= Fioretta (film) =

2023 American documentary film

Fioretta is a 2023 documentary film directed by Matthew Mishory. It tells the story of American lawyer and genealogist E. Randol Schoenberg, who brings his reluctant teenage son Joey along for the journey of a lifetime to reclaim 500 years of their family story.

==Story==
The film begins in Malibu, California, where Schoenberg and his son live, and navigates through Austria, Italy and the Czech Republic to track down their ancestors. Along the way they meet a motley cast of characters who guide them towards their ultimate goal of finding Fioretta, the family’s matriarch, buried five centuries ago in a Venice Jewish cemetery.

==Reception==
Shula Kopf of The Jerusalem Post called Fioretta a "beautifully crafted, visually elegant documentary through five centuries of Jewish history".

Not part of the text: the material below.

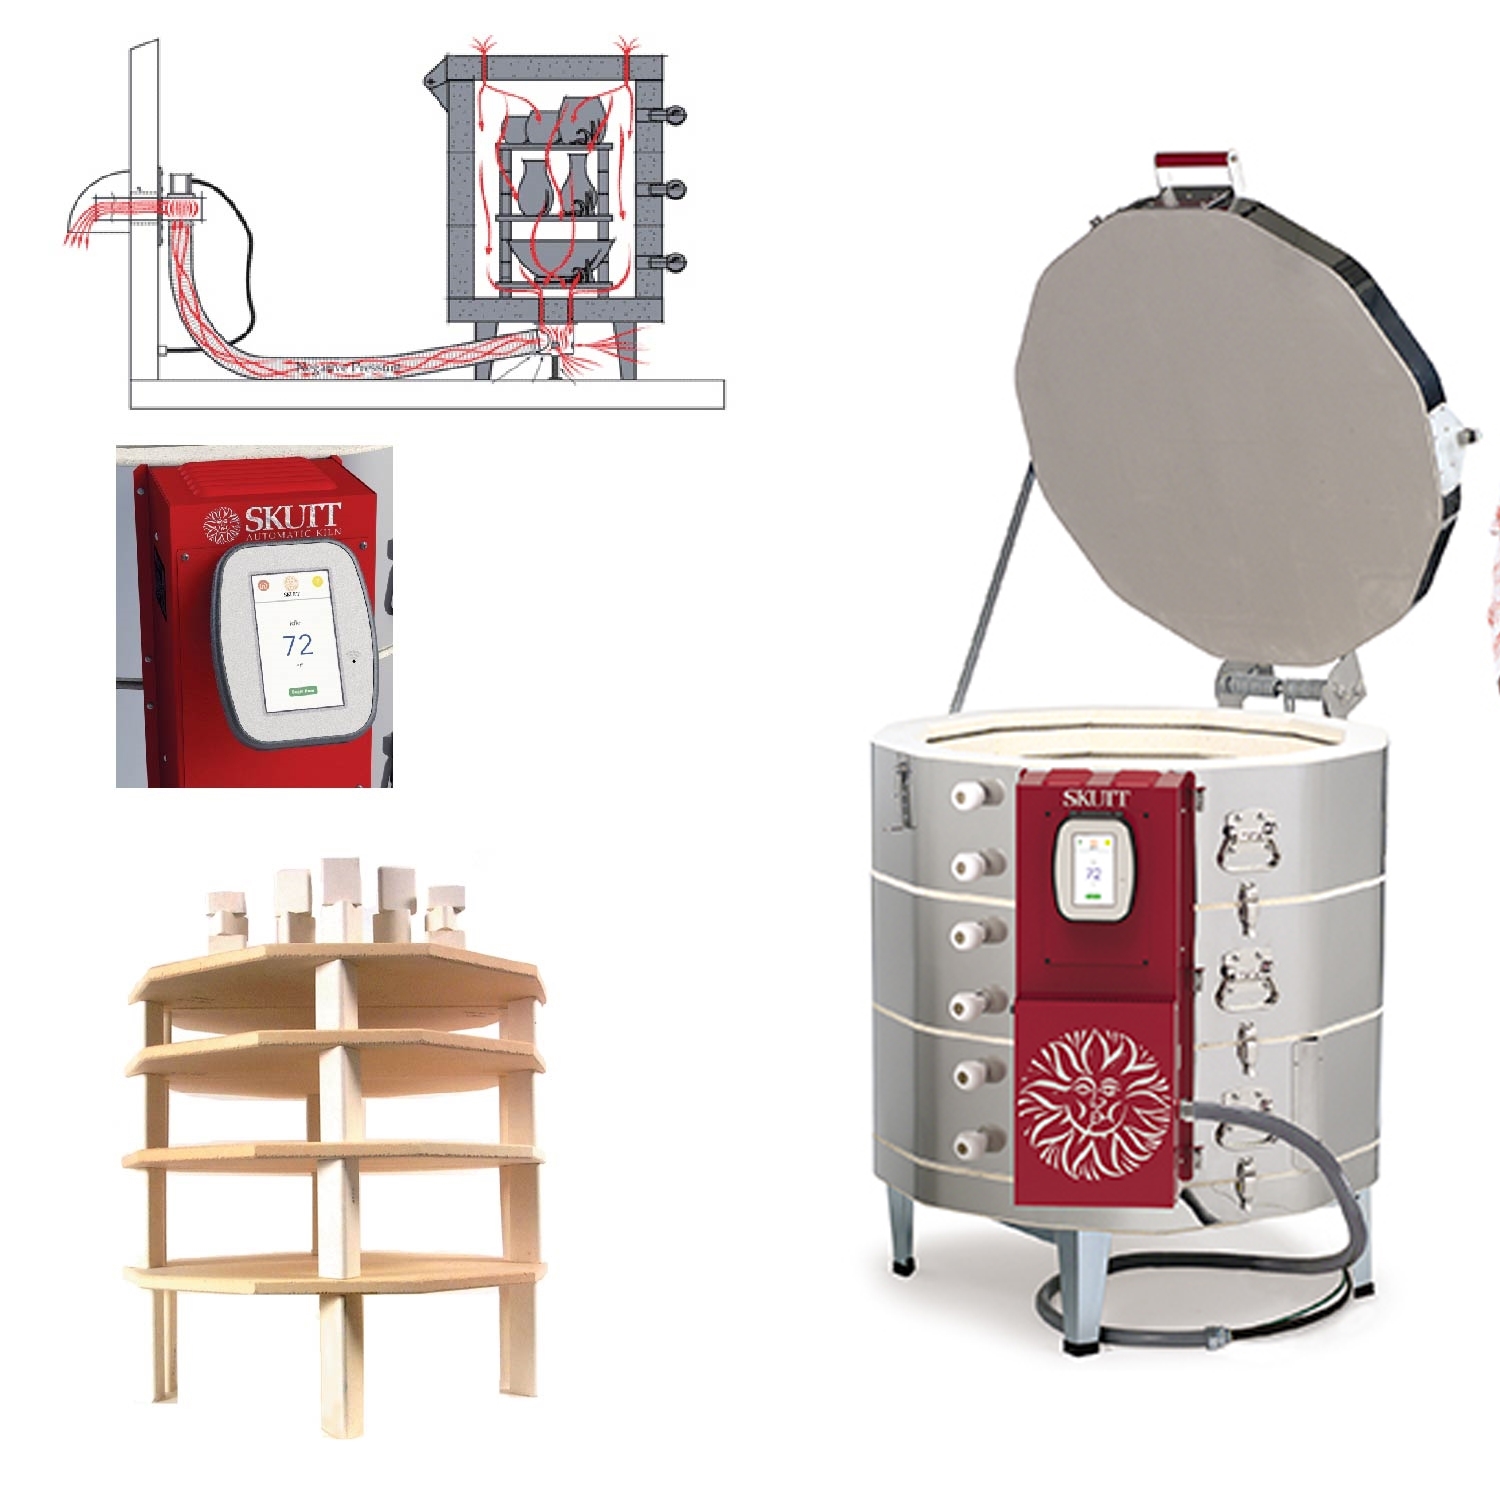 Skutt KMT1227-3PK Kiln Package with Touch-Screen Controller, Vent and 1" Furniture Kit

Robert Abele of the Los Angeles Times said "A well-meaning but slapdash travelogue, Fioretta does find gratifying closure in the company that the Schoenbergs find: curators of a collective memory that won’t fade on their watch."

Samantha Bergeson of IndieWire said "Genealogist Randy Schoenberg, the grandson of composer Jewish-Austrian Arnold Schoenberg, sets out to reclaim his Viennese family legacy, but gets bogged down by intricate details."